Data analysis included descriptive statistics, together with visual analysis of trends over time. Statistical investigation included testing of differences between data from the pre-pandemic year, as baseline, compared with results from the following two pandemic years (2020/2021 and 2021/2022), as per the National Department of Health’s financial years (from April to March of the following year). Shapiro Wilk’s test was used to determine if data were normally distributed, followed by inferential tests, including the independent t-test as well as the non-parametric alternative, the Mann-Whitney U test, to compare the pre-pandemic baseline results with those obtained in the two pandemic years. Additional investigations included paired comparisons, including the paired t-test and Wilcoxon signed-rank test, comparing the months of the baseline group with those from the pandemic years (2020/2021 and 2021/2022) to investigate changes over these periods. Significance tests were performed at 5% level of significance, and the analysis was performed using the statistical program R.4
Research permissions were obtained from the Ethics committees of the University of Pretoria and Sefako Makgatho Health Sciences University together with relevant provincial and district approvals.

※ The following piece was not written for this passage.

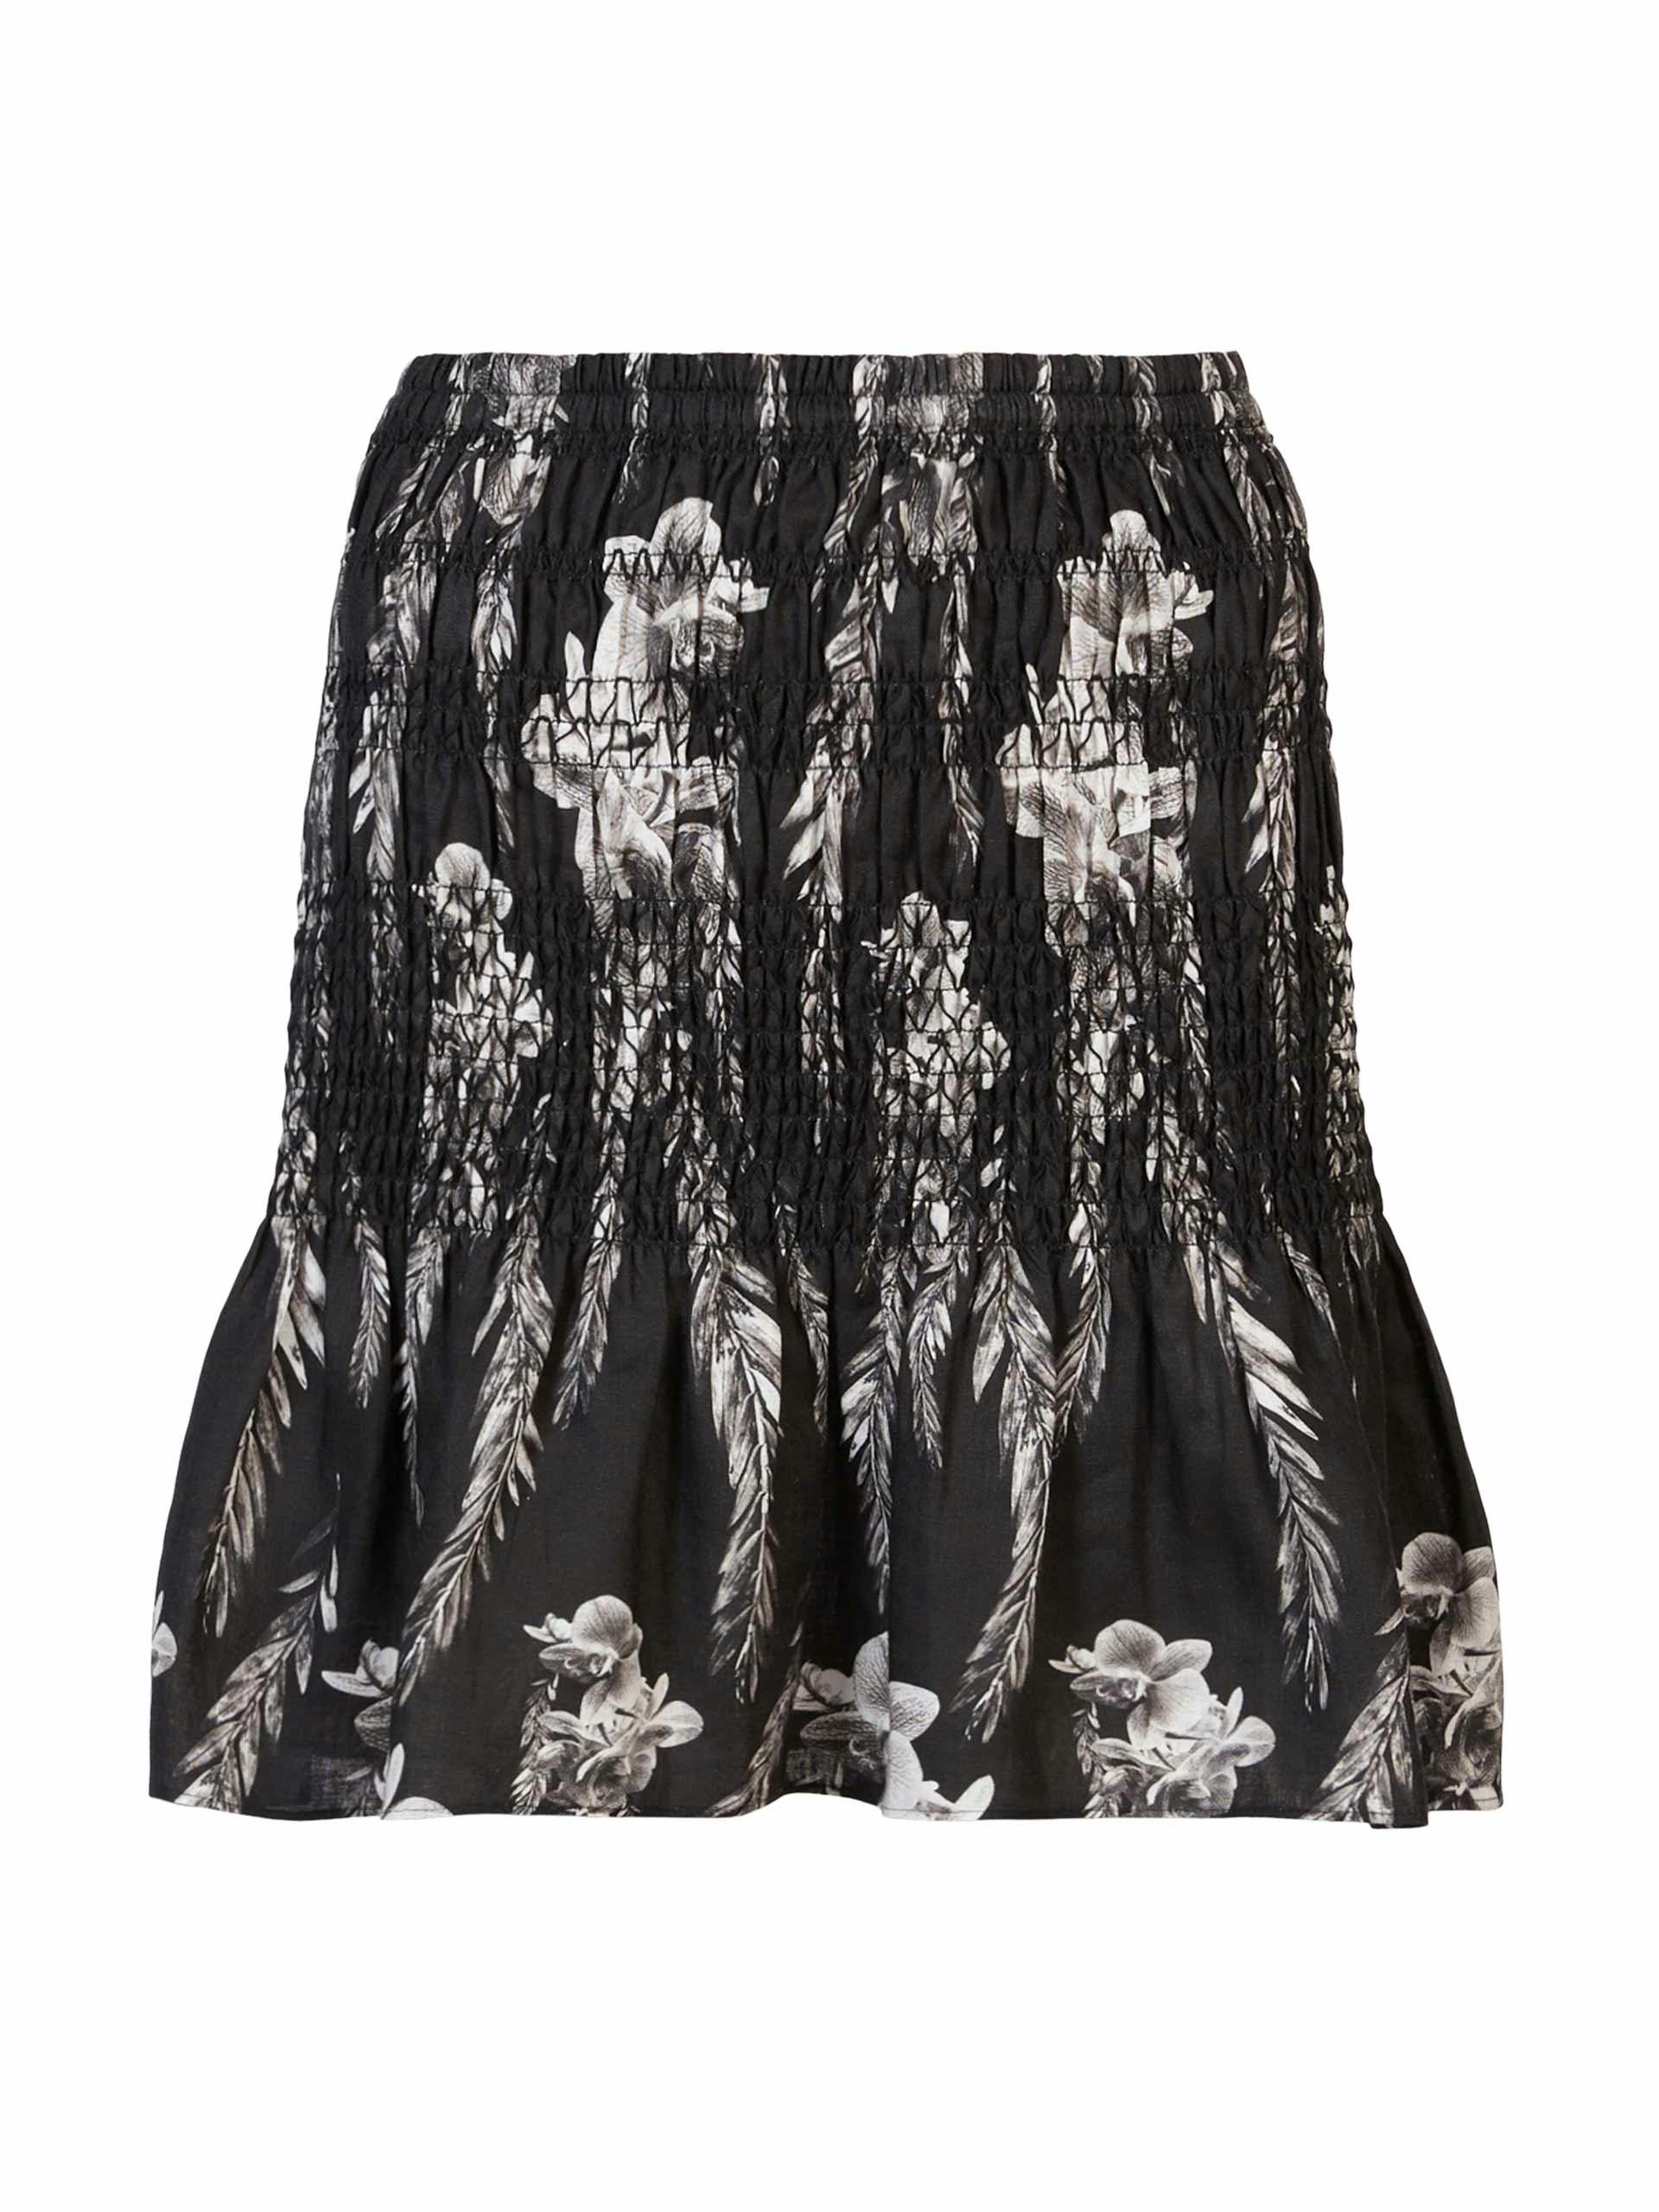 Floral black linen skirt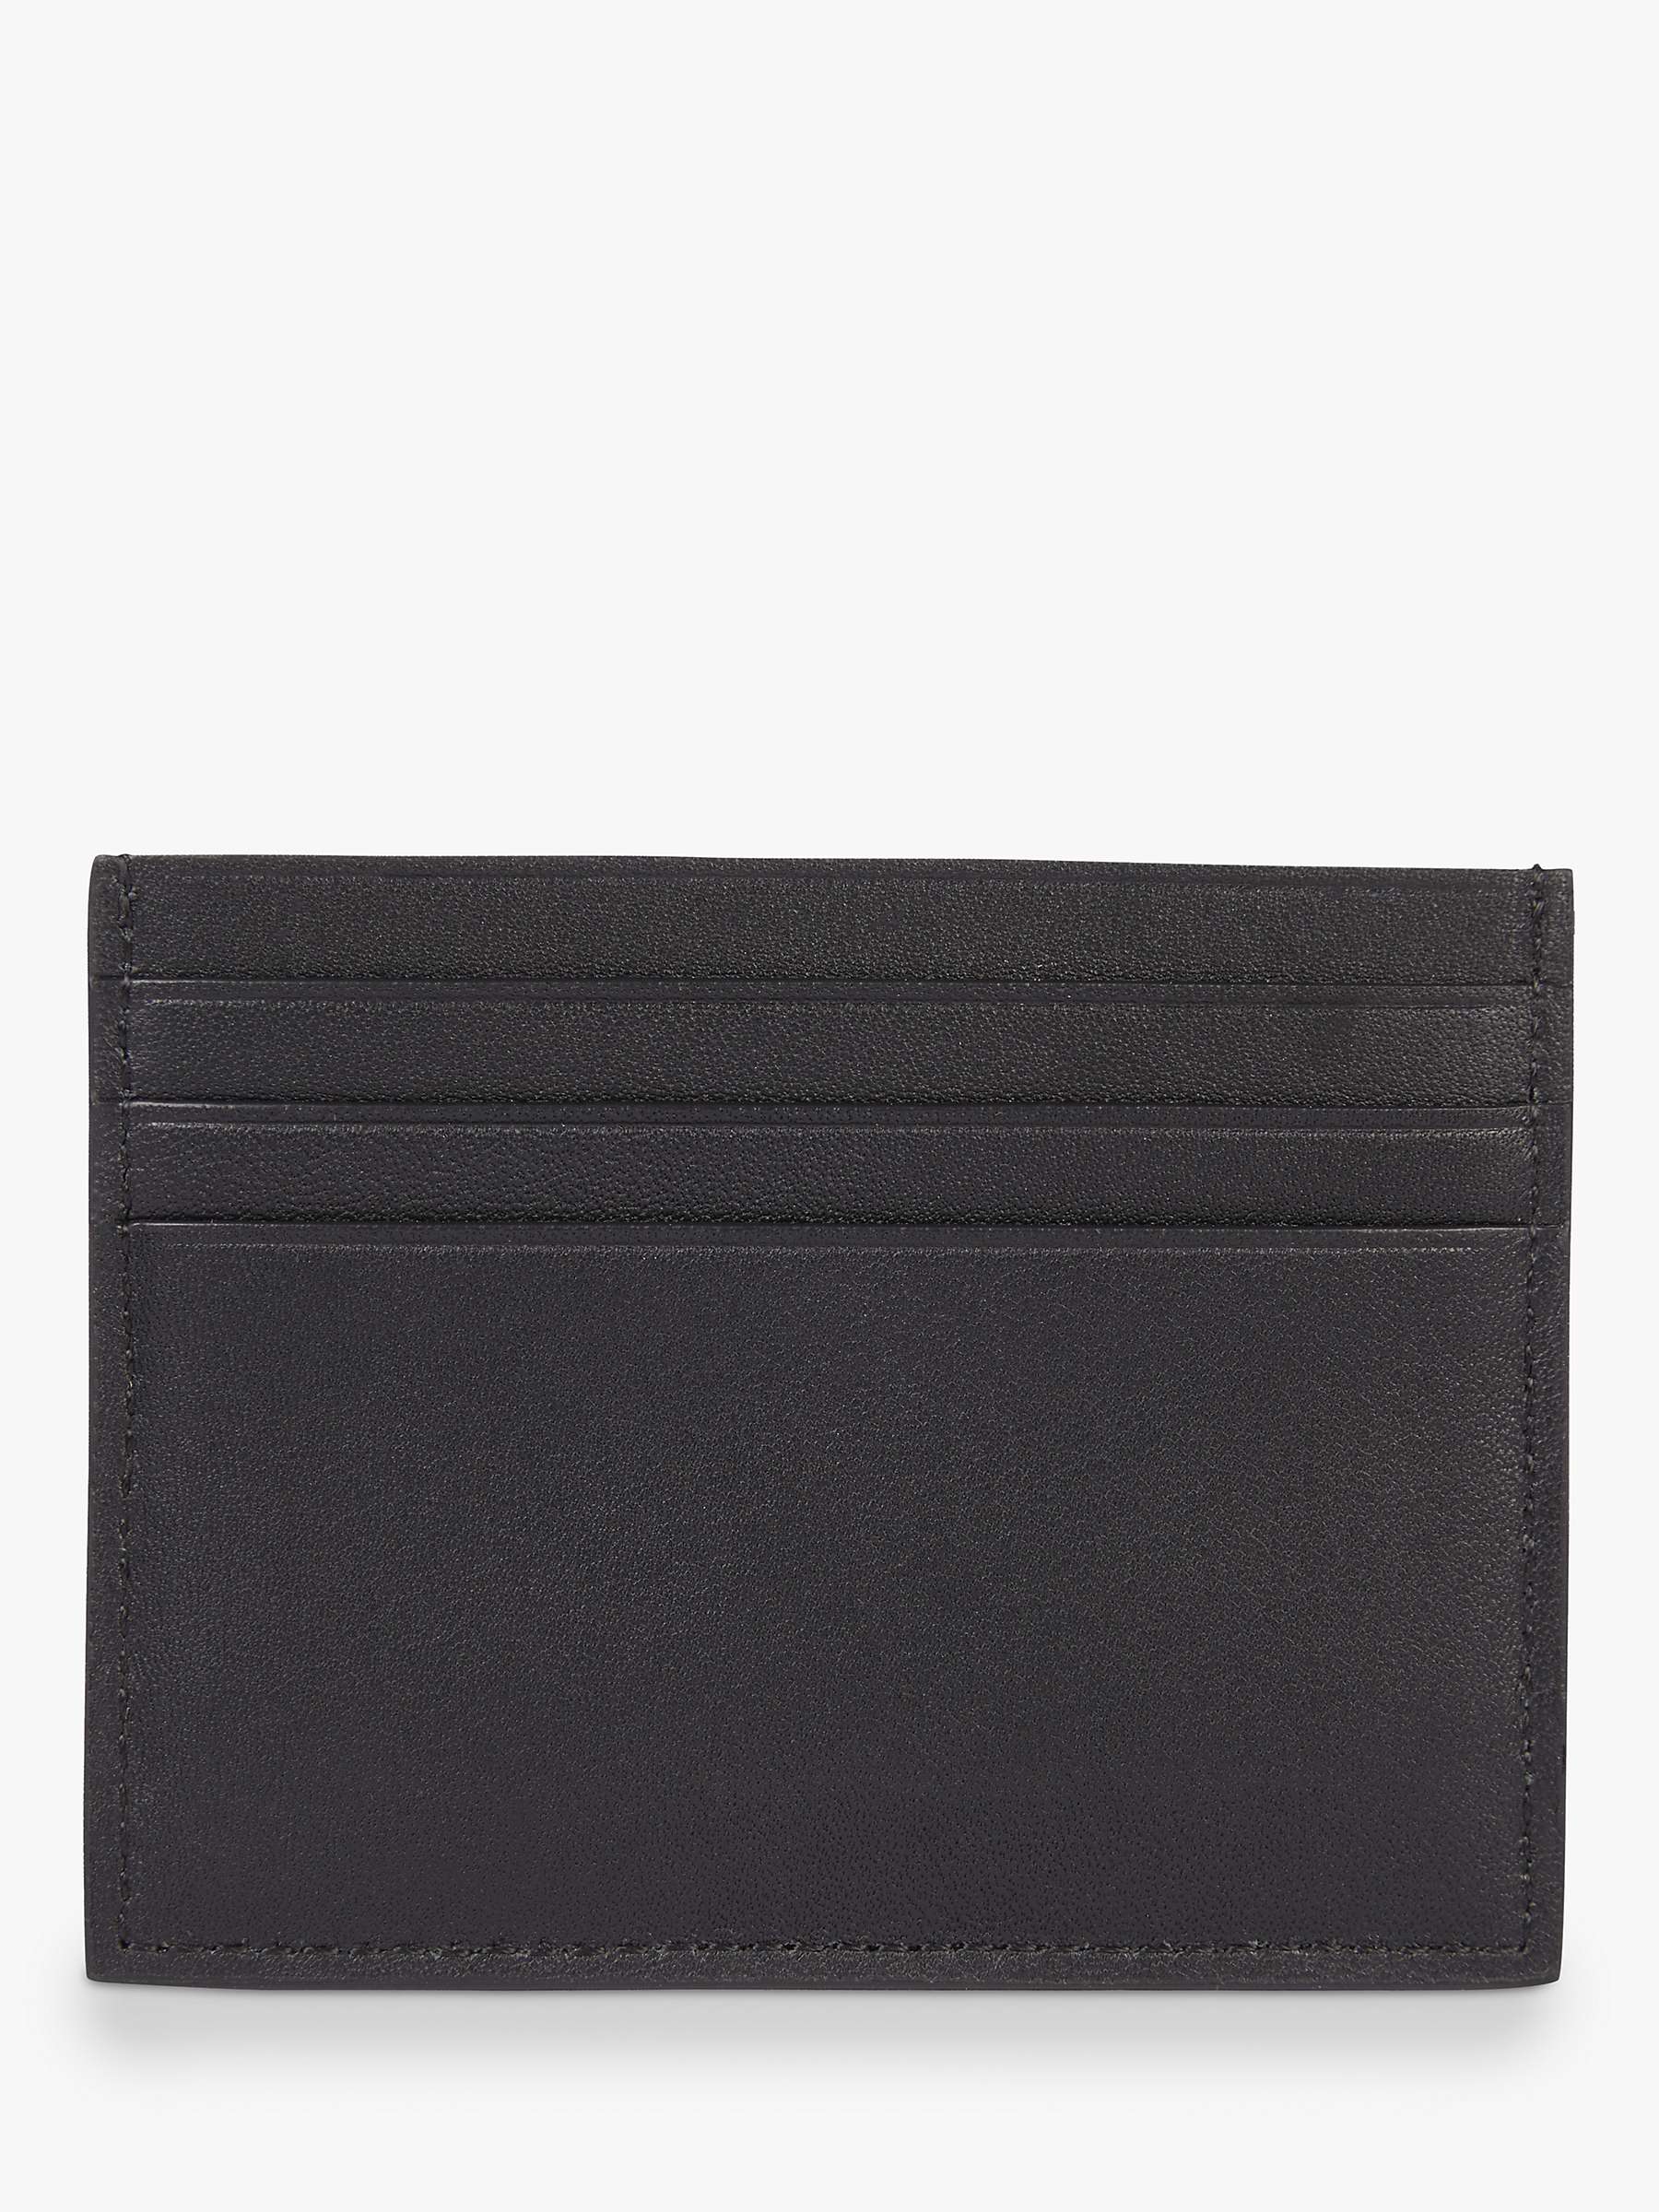 Calvin Klein Slim Leather Card Holder, Black at John Lewis & Partners

The Tshwane District COVID-19 pandemic followed a similar pattern to the rest of South Africa, with four distinct waves occurring between April 2020 and March 2022 (Figure 1).
Women’s health and reproductive services
Utilisation of modern contraceptive methods to prevent unplanned pregnancies was measured using the composite indicator couple-year protection rate (CYPR). The year-on-year average CYPR was lower in 2020/2021 (40.8%) and 2021/2022 (37.0%), than in the pre-pandemic year when it was 46.8% (p=0.04; pre-pandemic versus pandemic period). The CYPR showed an annual decrease over the December summer vacation period. There was an additional sharp decrease in April 2020 to 18.6%, which corresponded with the first strict COVID-19 lockdown in South Africa (Figure 2).
Termination of pregnancy services
Termination of pregnancy (TOP) services in Tshwane District were mostly maintained despite an initial drop at the start of the pandemic and lockdown regulations; they increased again from March 2021 onwards (Figure 3). The average number of total TOPs was 508/month (pre-pandemic), 494/month (2020-2021), and 628/month (2021-2022) (p=0.1236 for total TOPs 2021-2022 versus pre-pandemic).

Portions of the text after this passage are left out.